- Your goal -
Pictures are to be dropped from the copy. Retype the listing exactly.

- Raw data -
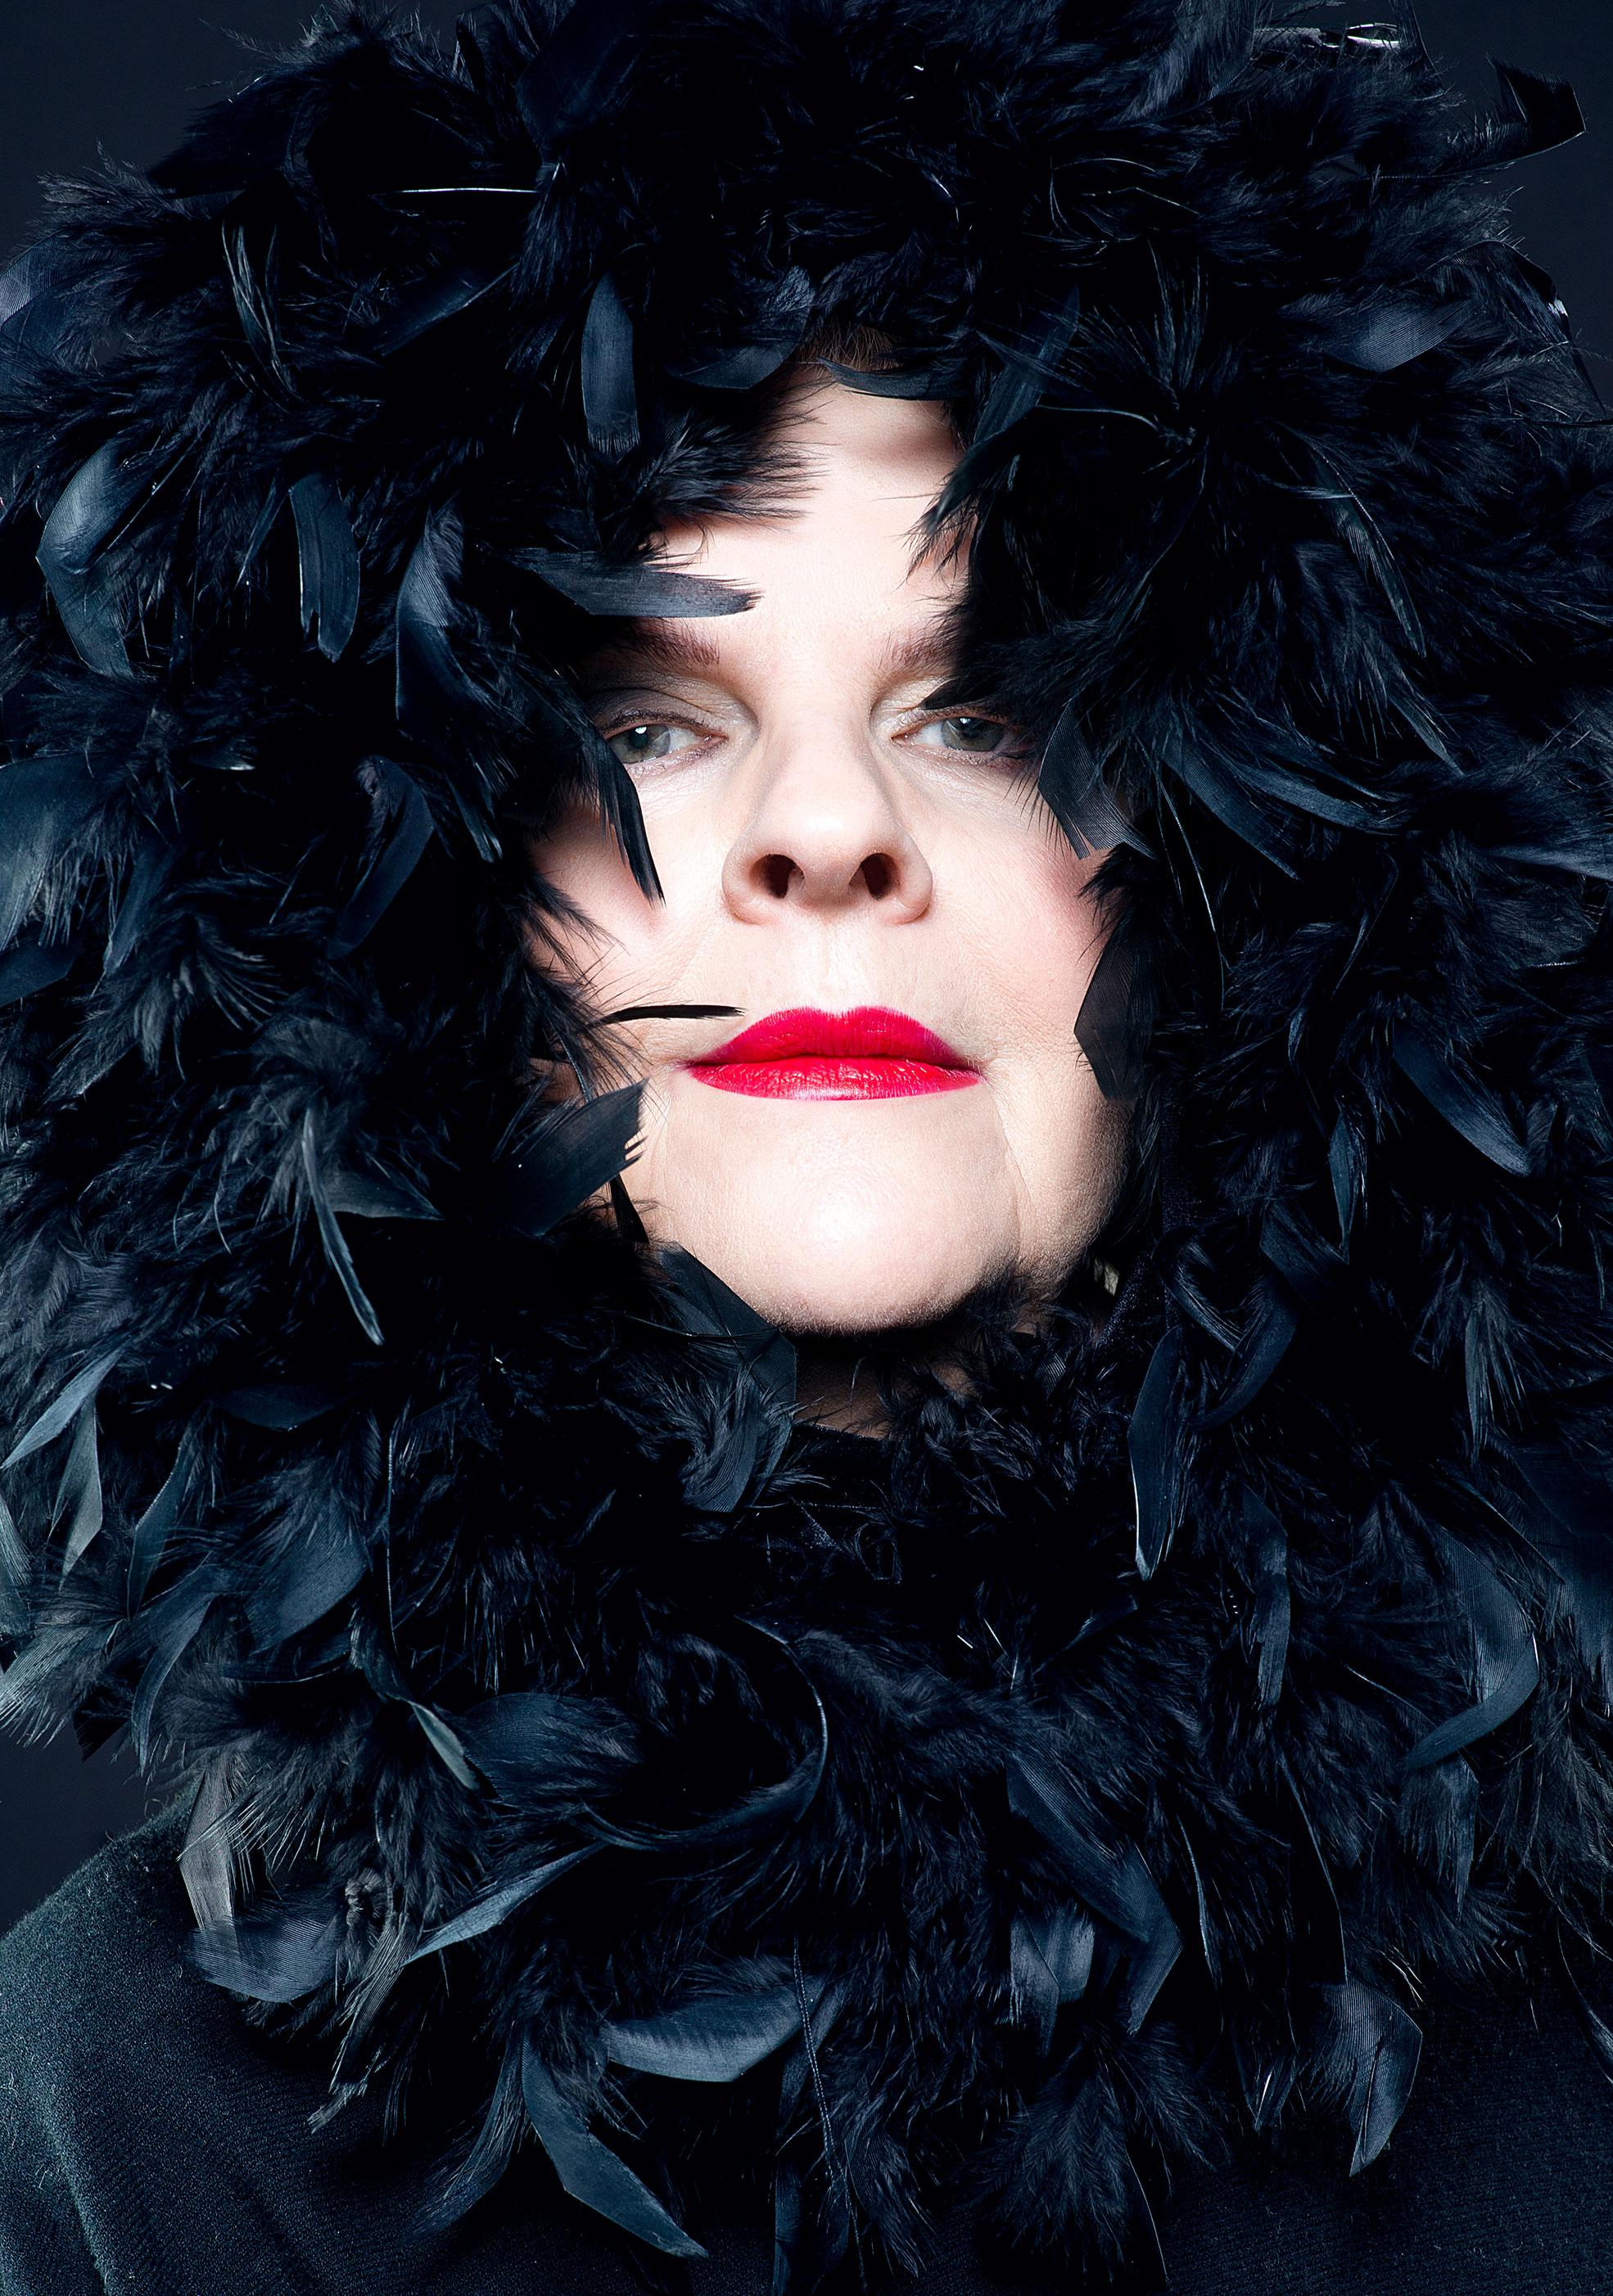 Portrait of an elderly woman with dark plumage Make Up By Daniele Francolino Photographer Maria Teresa Furnari
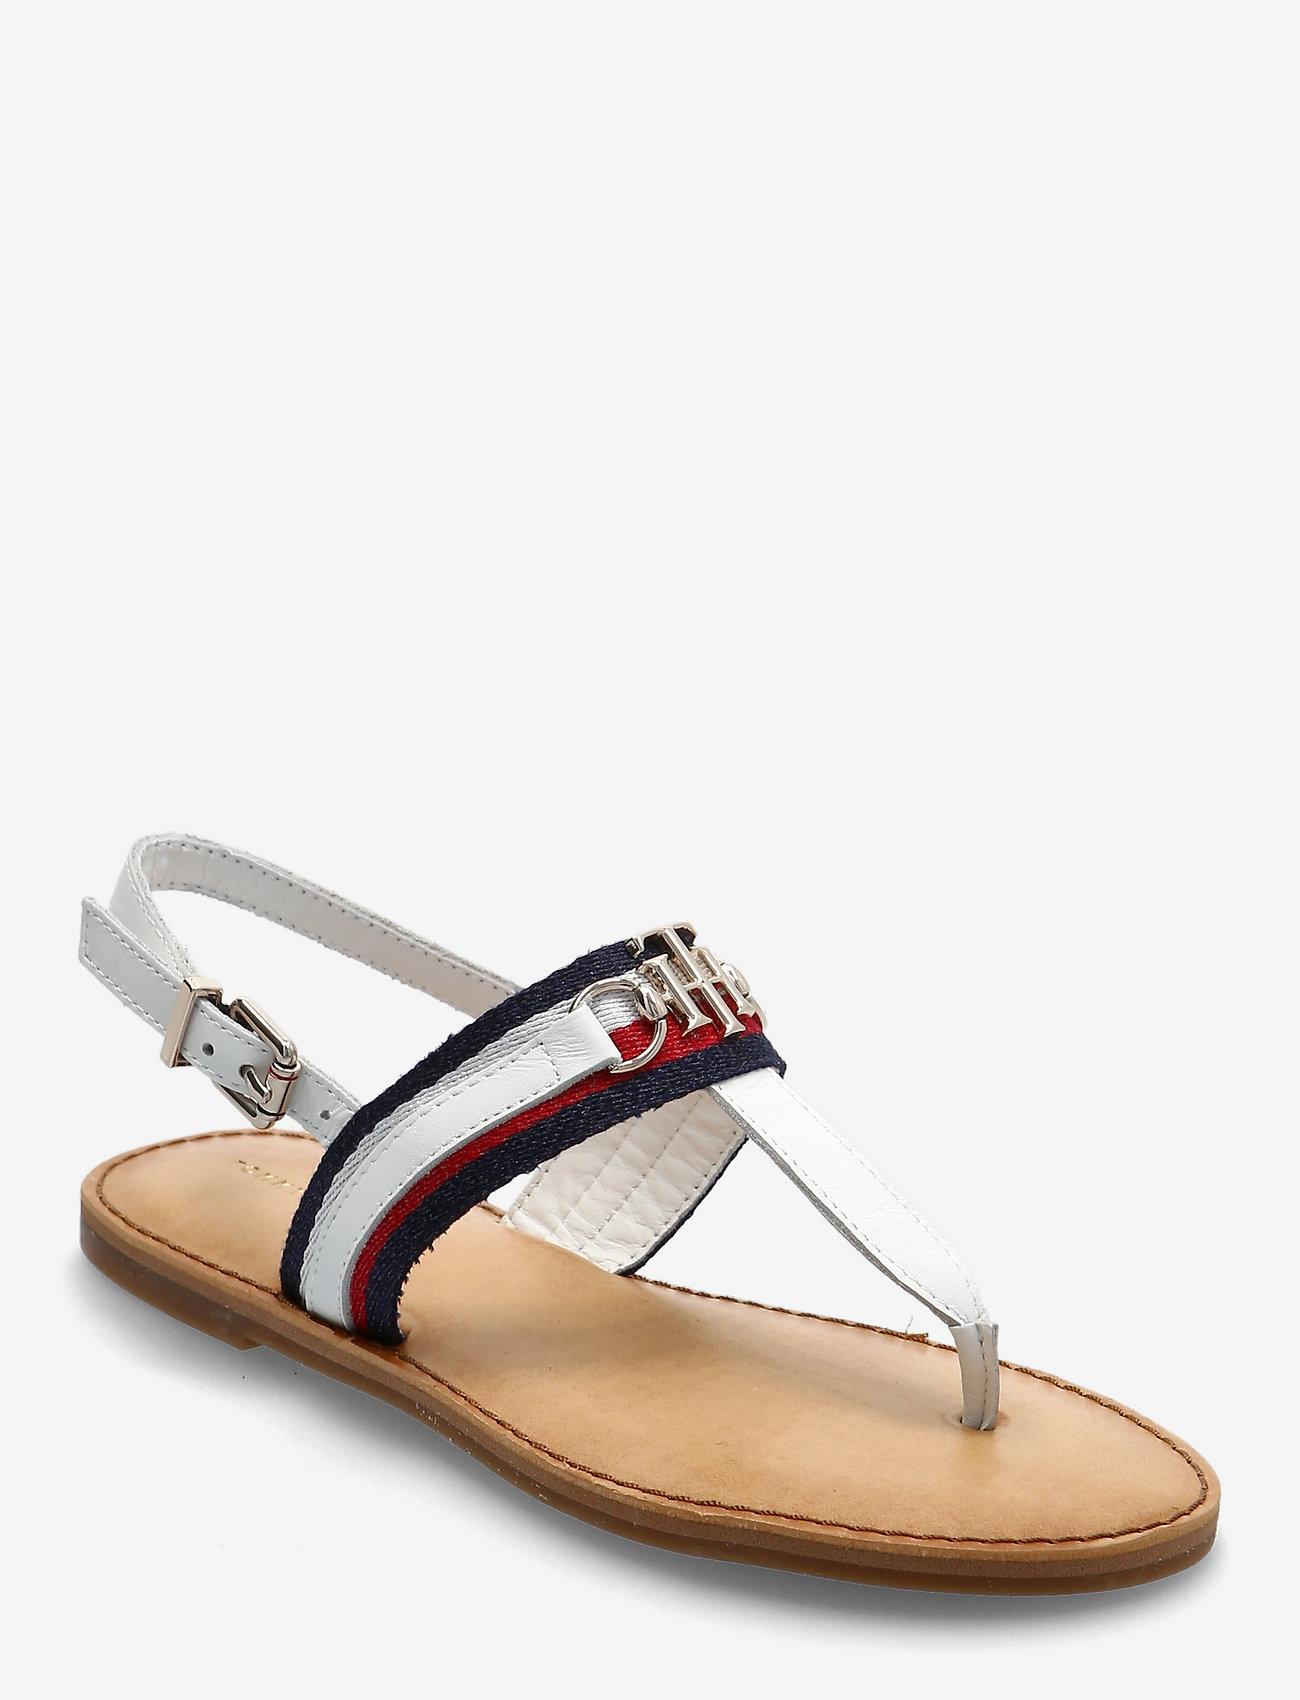 Tommy Hilfiger - SHIMMERY RIBBON FLAT SANDAL - flat sandals - ecru - 0
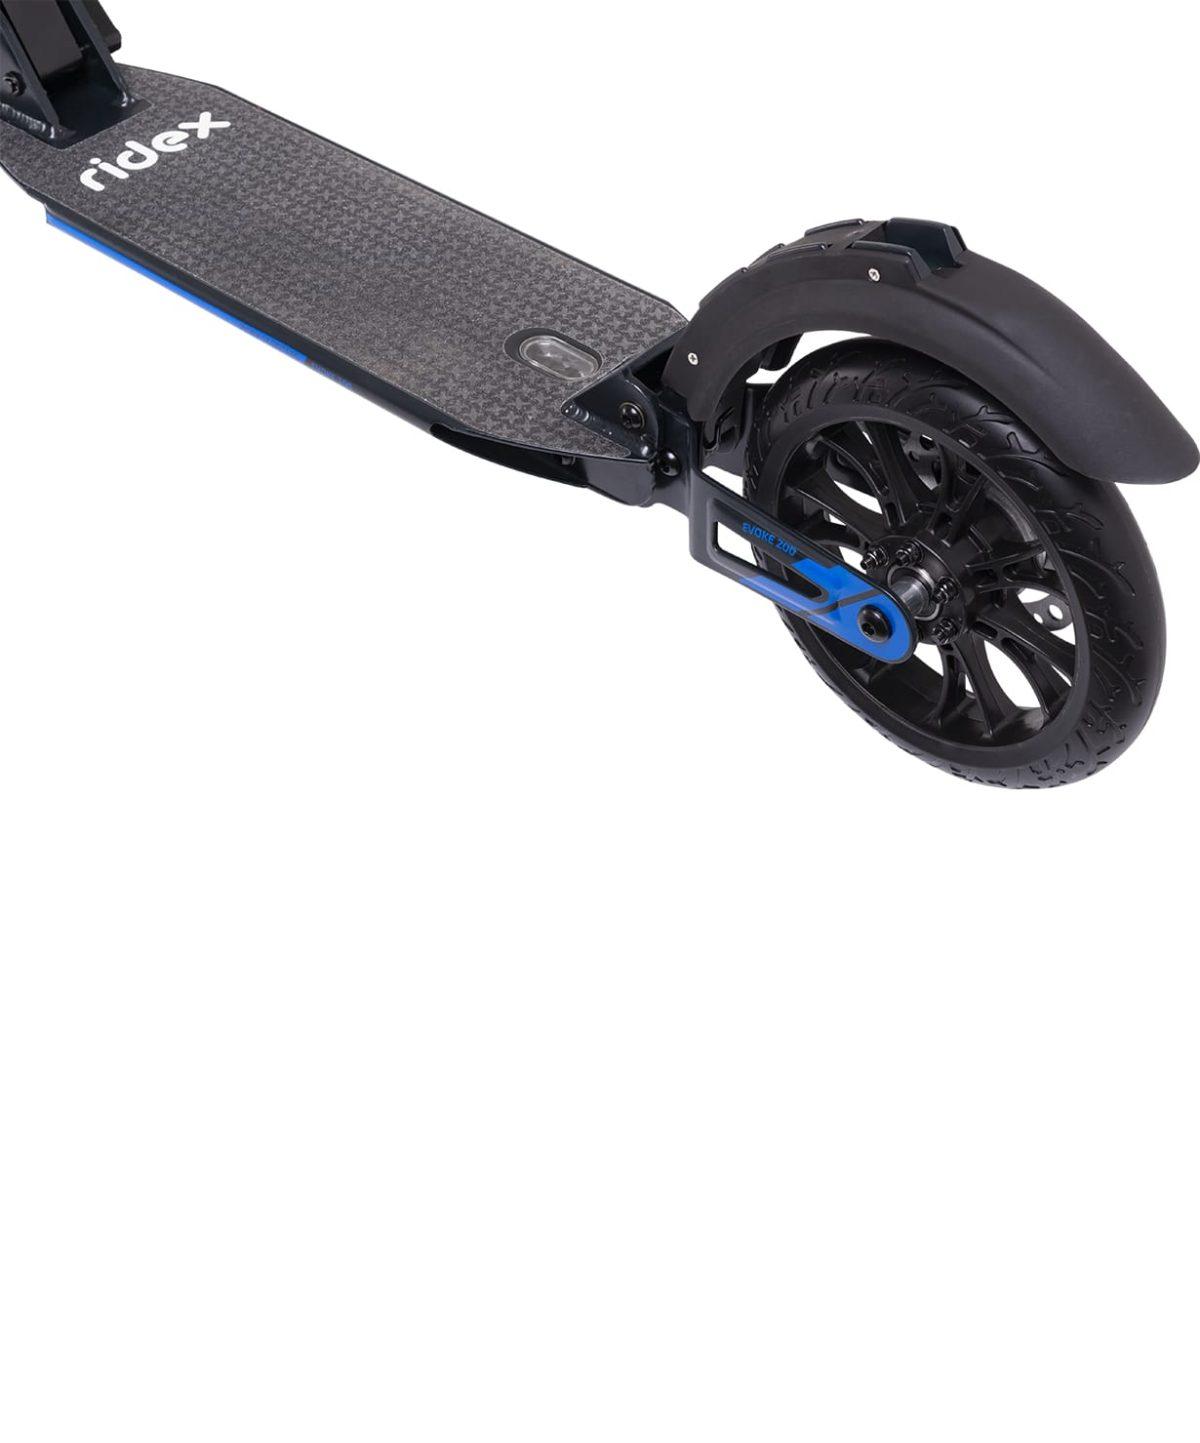 RIDEX Evoke Самокат 2-колесный с дисковым тормозом 200 мм  Evoke: синий - 5

- Completed exercise -
 Portrait of an elderly woman with dark plumage Make Up By Daniele Francolino Photographer Maria Teresa Furnari
 Tommy Hilfiger - SHIMMERY RIBBON FLAT SANDAL - flat sandals - ecru - 0
 RIDEX Evoke Самокат 2-колесный с дисковым тормозом 200 мм  Evoke: синий - 5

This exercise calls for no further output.